Advanced Guide to Snowflake Feature Store. This is a more advanced example of Feature Store and pipelines.
You can find additional demo notebooks in Snowflake Labs:
For common feature and query patterns, see Common feature and query patterns.
Note
These are only shown as examples, and following along with the example may require additional rights to third-party data, products, or services that are not owned or provided by Snowflake. Snowflake does not guarantee the accuracy of these examples.

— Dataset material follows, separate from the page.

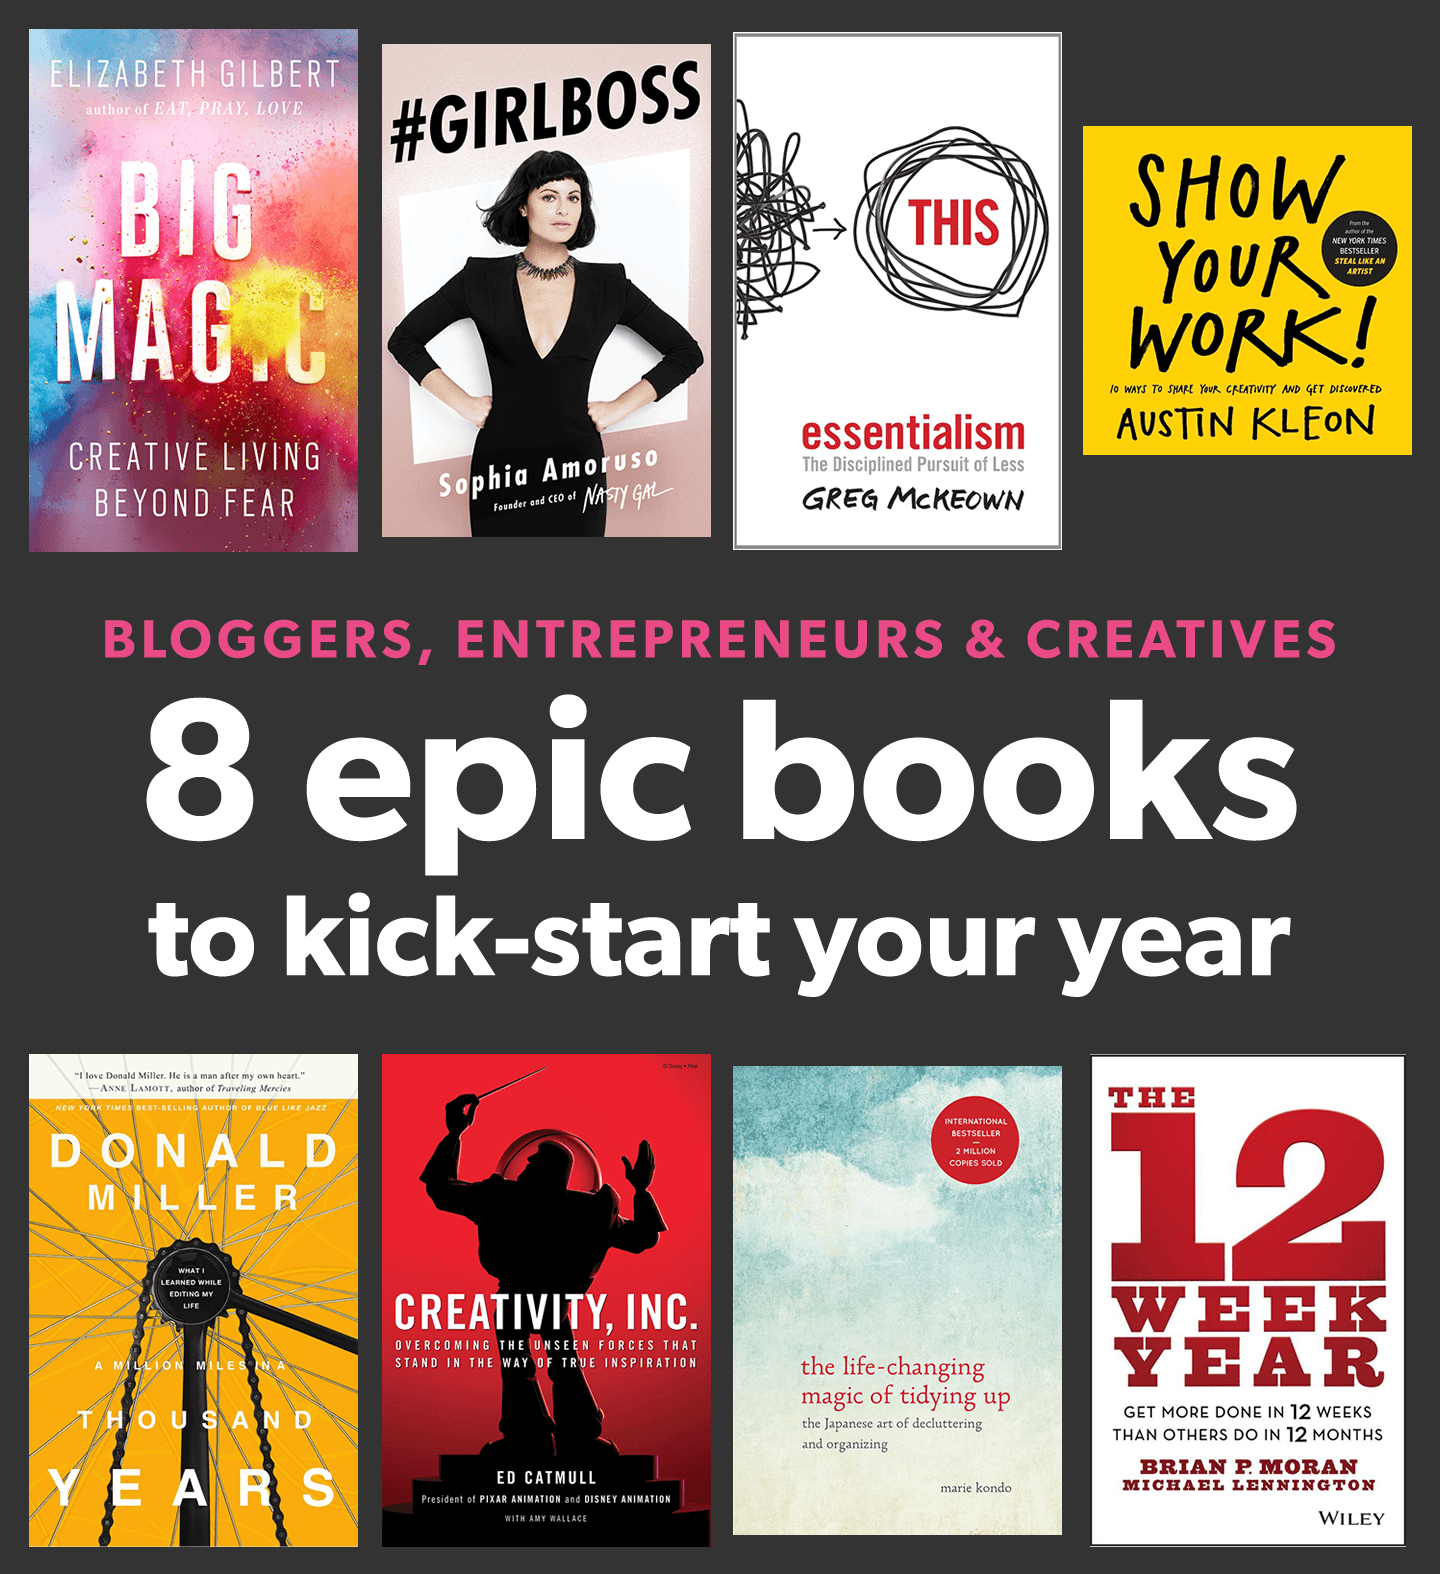 八大书面向创业者、biz所有者、创举者及博客阅读启动#book#business#creativity#

Feature Store Back End and Data Model¶
Feature store objects map directly to Snowflake objects. All feature store objects are therefore subject to Snowflake access control rules.
Feature store object |
Snowflake object |
---|---|
feature store |
schema |
feature view |
dynamic table (internal features) or view (external features) |
entity |
tag |
feature |
column in a dynamic table (internal features) or view (external features) |
Properties of feature views (such as name and entity) are implemented as tags on dynamic tables or views.
You can query or manipulate the Snowflake objects directly using SQL. Changes you make via SQL are reflected in the Python API.
All objects of a Snowflake Feature Store are stored in the feature store’s schema. You can easily delete an entire feature store by dropping the schema (but make sure the schema doesn’t contain other resources).